This is the 24th day of my participation in the August More Text Challenge
Notes of Andrew Ng’s Machine Learning —— (6) Classification
Intro of Classification
Classification problems are something like giving a patient with a tumor, we have to predict whether the tumor is malignant or benign. It’s expected to output discrete values.
The classification problem is just like the regression problem, except that the values we want to predict take on only a small number of discrete values. For now, we will focus on the binary classification problem in which y
can take only two values, 0
and 1
.
For instance, if we are trying to build a spam classifier for email, then x(i)x^{(i)}x(i) may be some features of a piece of email, and yyy may be 1 if it is a piece of spam mail, Hence, y∈{0,1}y \in \{0,1\}y∈{0,1}. 0 is also called the negative class, and 1 the positive class, and they are sometimes also denoted by the symbols – and +. Given x(i)x^{(i)}x(i), the corresponding y(i)y^{(i)}y(i) is also called the label for the training example.
To attempt classification, one method is to use linear refression and map all predictions greater than 0.5
as a 1
and all less than 0.5
as a 0
. However, this method doesn’t work because classification is not actually a linear function. So what we actually do to solve classification problems is an algorithm named logistic regression. Note that even be called regression, it is actually to do classification.
Logistic Regression
Hypothesis Representation
We could approach the classification problem ignoring the fact that y
is discrete-valued, and use our old linear regression algorithm to try to predict y
given x
. However it is easy to construct examples where this method performs very poorly.
Intuitively, It also doesn’t make sense for H θ(x)h_\theta(x)hθ(x) to take values larger than 1 or smaller then 0 when we know that Y ∈ {0, 1} y \ \ {0, 1 \} in y ∈ {0, 1}. To fix this, Let’s change our hypotheses H θ(x)h_ theta(x) H θ(x) to satisfy 0≤ H θ(x)≤10 \le h_ theta(x) \ LE 10≤ H θ(x)≤1. This Betty Betty Betty Betty Betty Betty Betty Betty Betty Betty Betty Betty Betty Betty Betty Betty Betty
The the Simoid Function, also called the Logistic Function is this:
It looks like the following image:
Our new form uses the Simoid Function:
The logistic function g(z)g(z)g(z) maps any real numbers to The (0,1)(0,1)(0,1) interval making it useful for transforming a arbitrary-valued function into a function better suited for classfication.
We can also simply write
like this:
H θ(x)h_\theta(x)hθ(x) will output the probalility that our output is 1. H θ(x)=0.7h_\theta(x)=0.7hθ(x)= 0.7hθ(x)=0.7 gives us a probability of 70%70\%70% it is 0 is 30%):
Decision Boundary
In order to get our discrete 0
or 1
classification, we can translate the output of the hyporithesis function as follows:
The way our logistic function GGG missack is that when its input is ≥0\ GE 0≥0, its output is ≥0.5\ GE 0.5≥0.5:
In fact, we know that:
So if our input to
is
, then that means:
From these statements we can now say:
The decision boundary is the line that separates the area where
and where
. It is created by our hypothesis function.
Example:
In this case, y = 1 y = 1 y = 1 if 5 + (- 1) + 0 x1 x2 or 5 + (1) x_1 + 0 x_2 \ ge 05 + (- 1) + 0 x1 x2 acuity 0, Our boundary is a straight vertical line placed on the graph where x1=5x_1=5×1=5, and everything to the left of that denotes y=1y=1y=1, while everything to the right denotes y=0y=0y=0:
Another example:
Non-linear decision boundaries:
The input to The sigmoid function g(z) (e.g. θTX\theta^TXθTX) doesn’t need to be linear, and could be a function that describes a circle (e.g.

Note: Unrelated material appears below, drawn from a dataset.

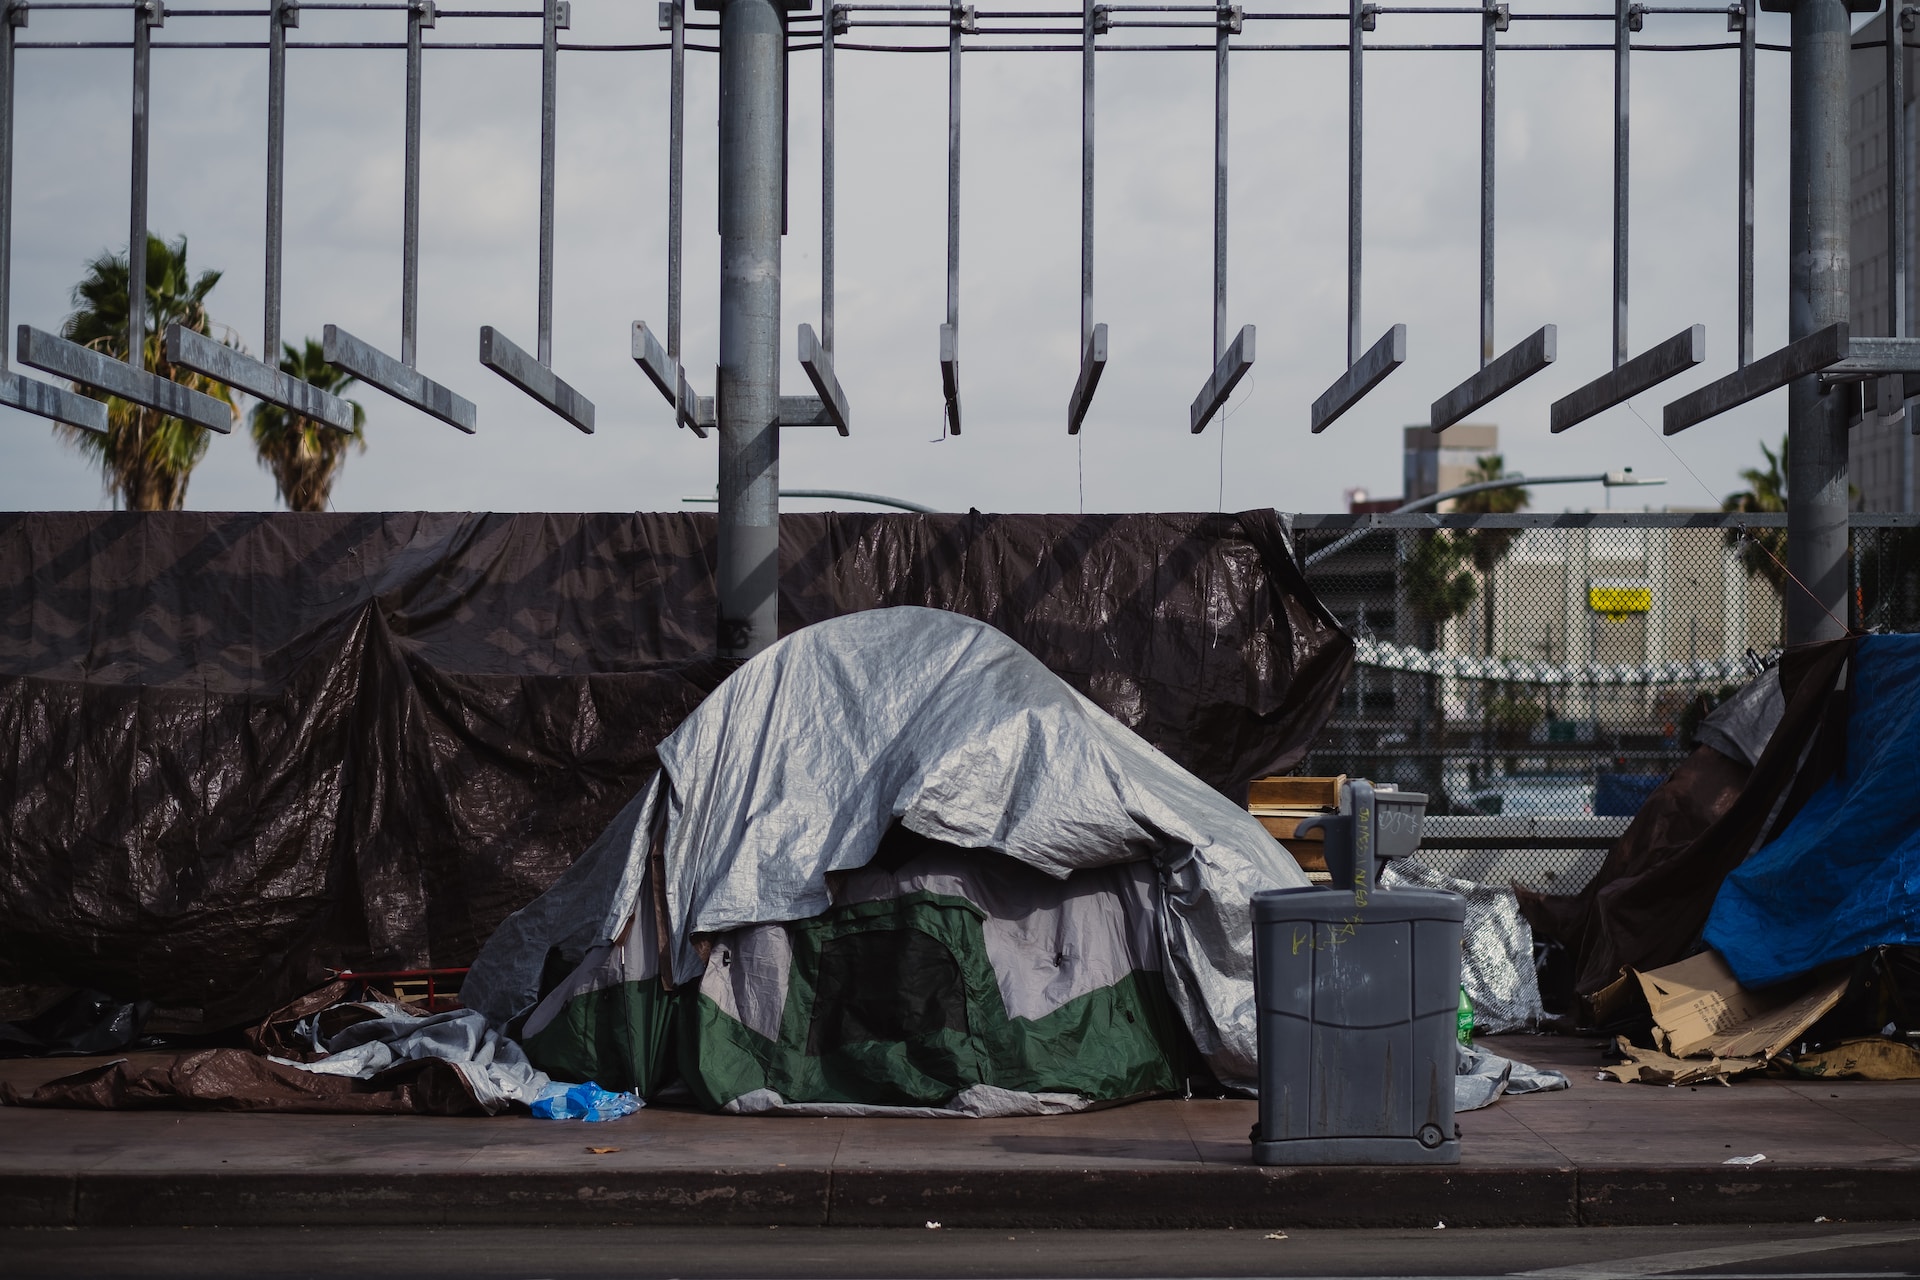 A tent on the street

Z =θ0+θ1×12+θ2x22z=\theta_0+\theta_1x_1^2+\theta_2x_2^2z=θ0+θ1×12+θ2×22) or any shape to fit our data.
Example:
Logistic Regression Model
In this part, we will implement the logistic regression model.
Cost Function
If we use the same cost function that we use for linear regression ( J (theta) = 1 m m12 ∑ I = 1 (h theta – y (x (I)) (I)) 2 J (\ theta) = \ frac {1} {m} \ sum_ {I = 1} ^ m \ frac {1} {2} (h_ \ theta (x ^ {(I)}) – y ^ {} (I)) ^ 2 J (theta) = m21 m1 ∑ I = 1 (h theta (x(I))− Y (I))2) for logistic regression, it will be non-convex (that looks wavy), which is causing many local optima and hard to find the global minimum.
So, what we actually need is our new Logistic Regression Cost Function, Which guarantees J(θ)J(\theta)J(θ) is laiw for logistic regression.
The J (theta) J (\ theta) J (theta) – h theta (x) h_ \ theta theta (x) (x) h “plots is like this:
Let’s take a look at the
:
If our correct answer ‘y’ is 0, then the cost function will be 0 if our hypothesis function also outputs 0. If our hypothesis approaches 1, then the cost function will approach infinity.
If our correct answer ‘y’ is 1, then the cost function will be 0 if our hypothesis function outputs 1. If our hypothesis approaches 0, then the cost function will approach infinity.
Simplified Cost Function
We can simplify the
function by compressing the two conditional cases into one case:
In this definition, when y=0y=0y=0, The term – (1 -) y ⋅ log (1 – h theta (x)) – (1 -) y \ cdot log (1 – h_ \ theta (x)) – (1 -) y ⋅ log (1 – h theta (x)) will be 000; ⋅log(hθ(x))-y \cdot log(h_\theta(x))−y \ log(H θ(x))) will be 000. Obviously, this is equal to the previous one but more easy to implement.
Now, we can fully write out our entire cost function as follow:
And a vectorized implementation is:
Gradient Descent
The general form of gradient descent is:
Work out the derivative part using calculus to get:
Actually, this algorithm is identical to the one we used in linear regression. And notice that we still have to simultaneously update all values in theta.
Vectorized implementation:
Advanced Optimization
There are many more sophisticated, faster ways to optimize
that can be used instead of gradient descent, such as “Conjugate gradient“, “BFGS” and “L-BFGS“.
We are not suggest to write these more sophisticated algorithms ourself but use the libraries instead, as they’re already tested and highly optimized. Octave provides them.
We can use octave’s fminunc()
optimization algorithm to do that.
To use this advanced optimization, we first need to provide a function that evaluates the following two functions for a given inpuit value
:
We can write a single function that retunrs both of these:
function [jVal, gradient] = costFunction(theta)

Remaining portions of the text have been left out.